Data supplied:
________________________________________

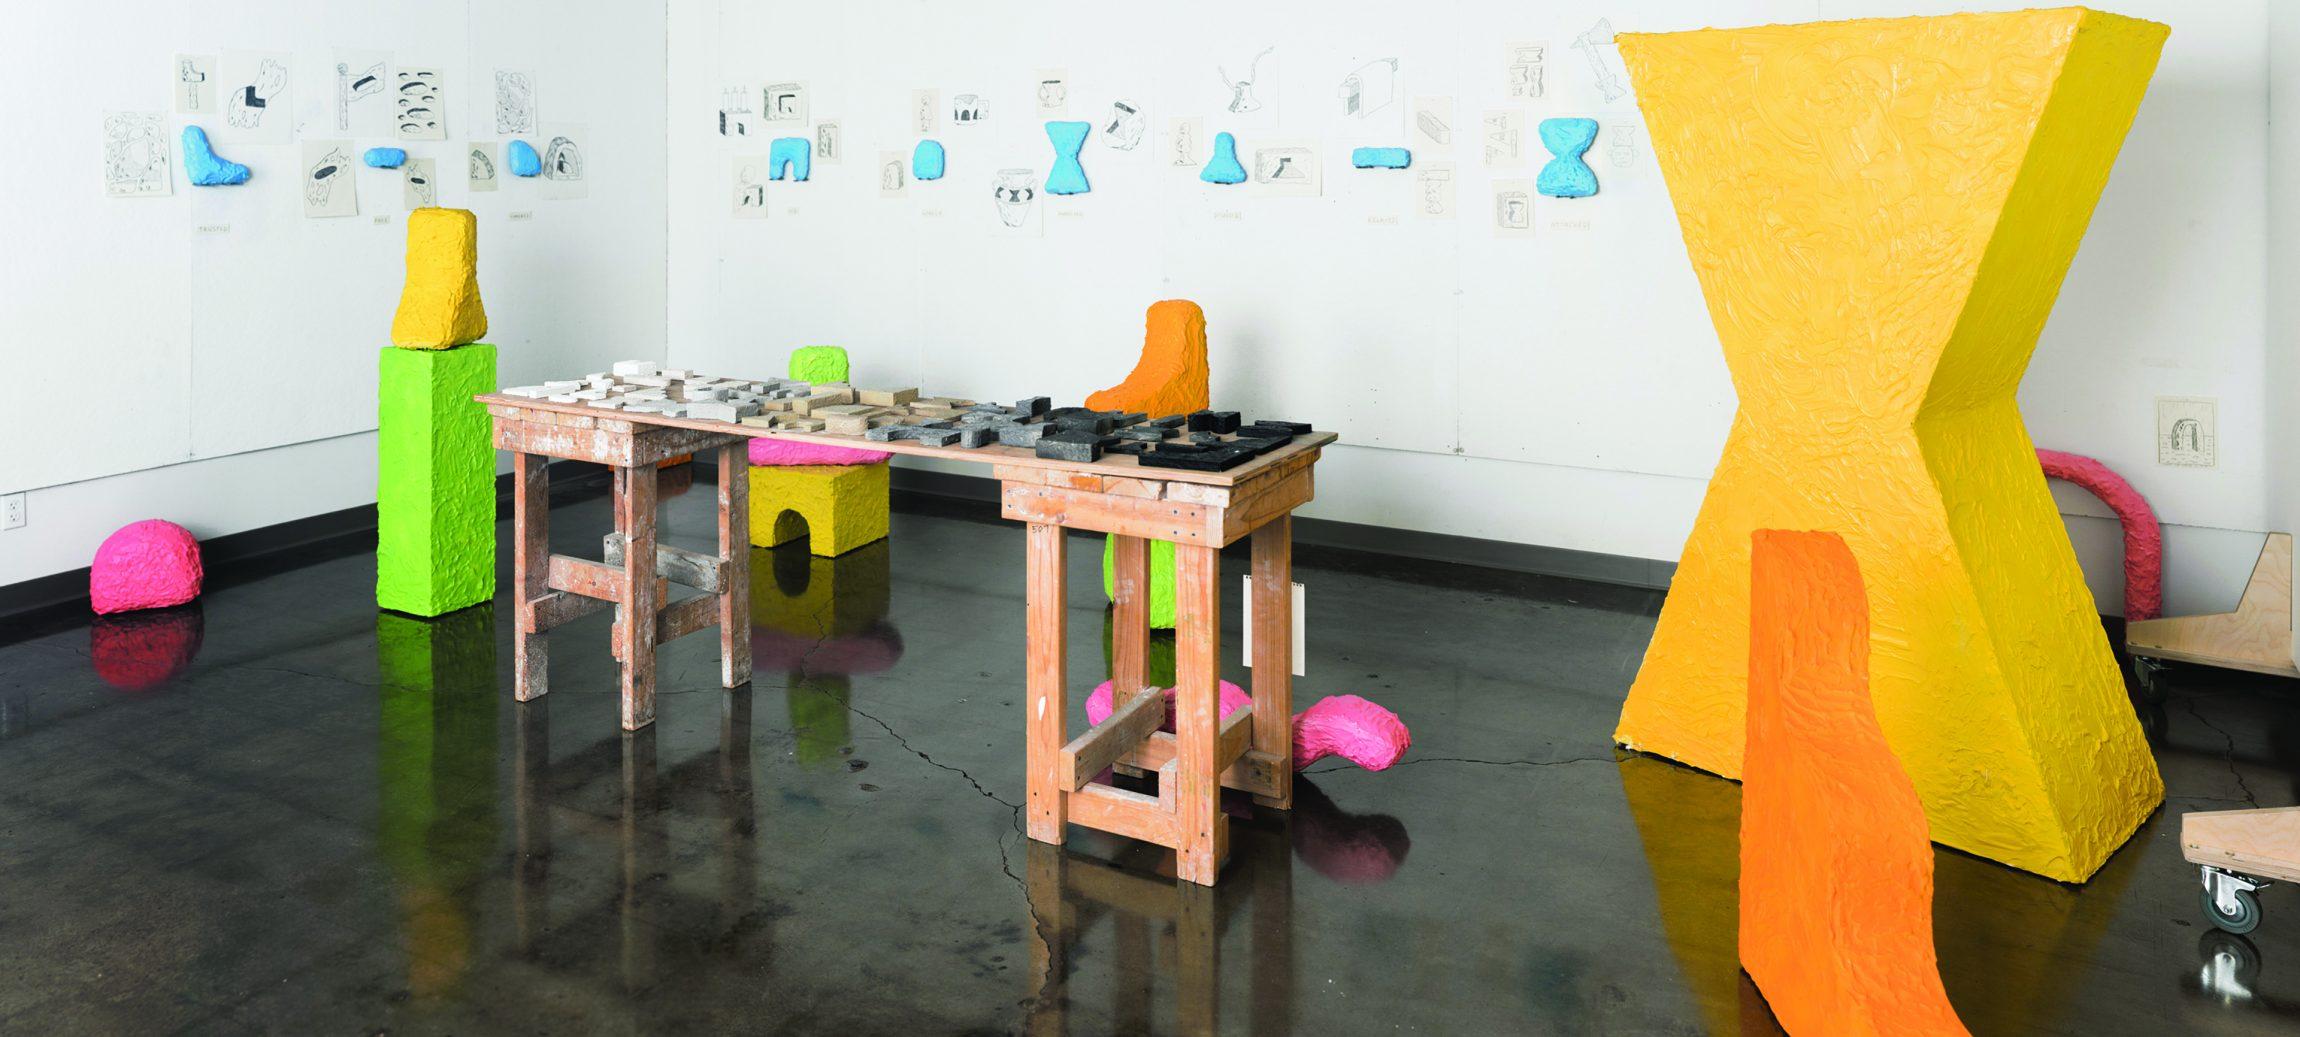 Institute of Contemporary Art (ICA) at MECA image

________________________________________

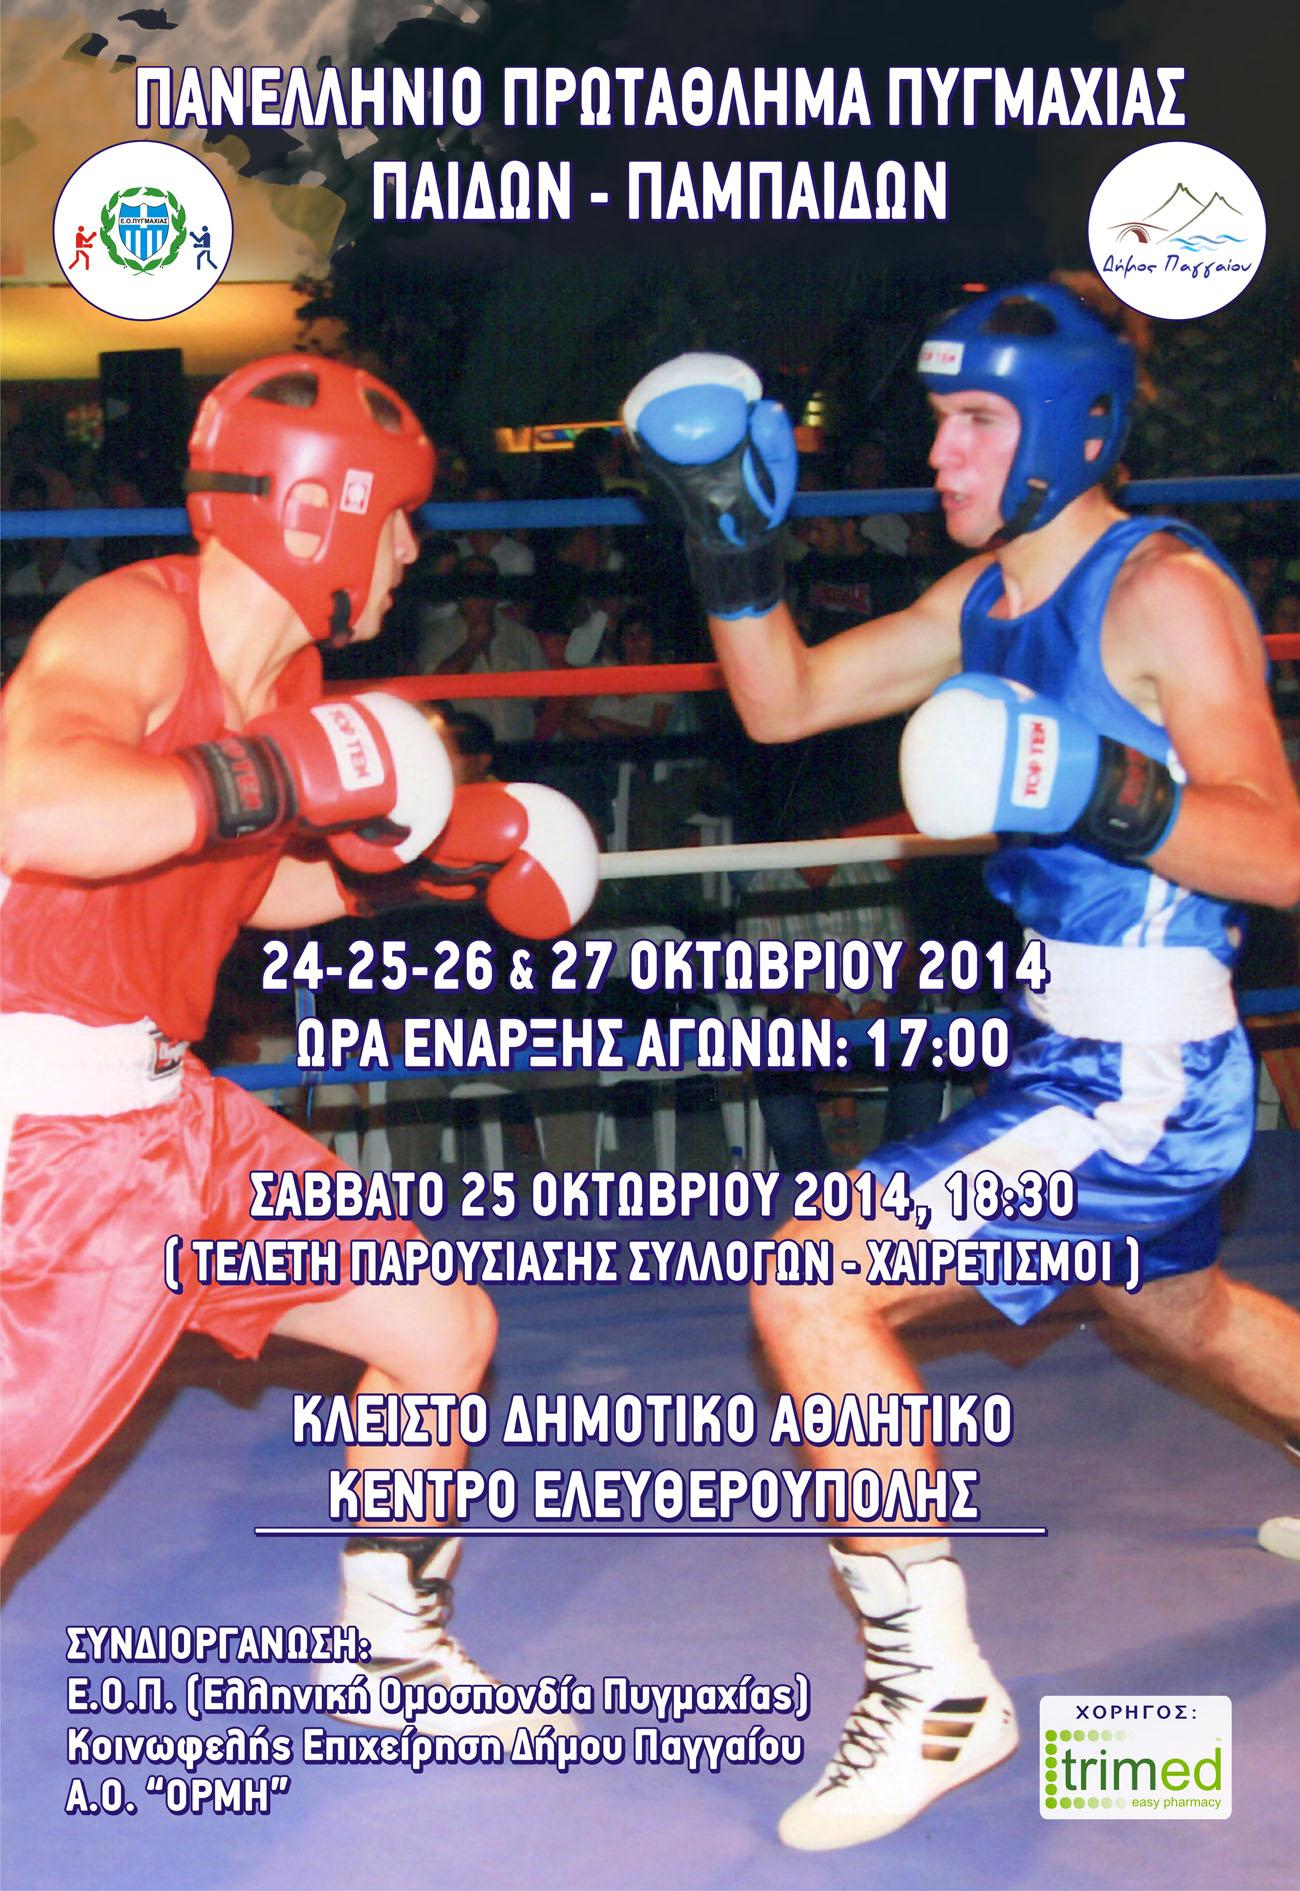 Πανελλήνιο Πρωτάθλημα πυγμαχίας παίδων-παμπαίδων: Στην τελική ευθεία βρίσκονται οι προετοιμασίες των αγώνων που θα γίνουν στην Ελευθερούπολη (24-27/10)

________________________________________

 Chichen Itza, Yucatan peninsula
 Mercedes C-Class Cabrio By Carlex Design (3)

________________________________________

Work request:
Starting at the line above that contains "Chichen Itza, Yucatan peninsula", repeat each line exactly up to and including the line that contains "Mercedes C-Class Cabrio By Carlex Design (3)", and stop there.

Reply to the exercise:
 Chichen Itza, Yucatan peninsula
 Mercedes C-Class Cabrio By Carlex Design (3)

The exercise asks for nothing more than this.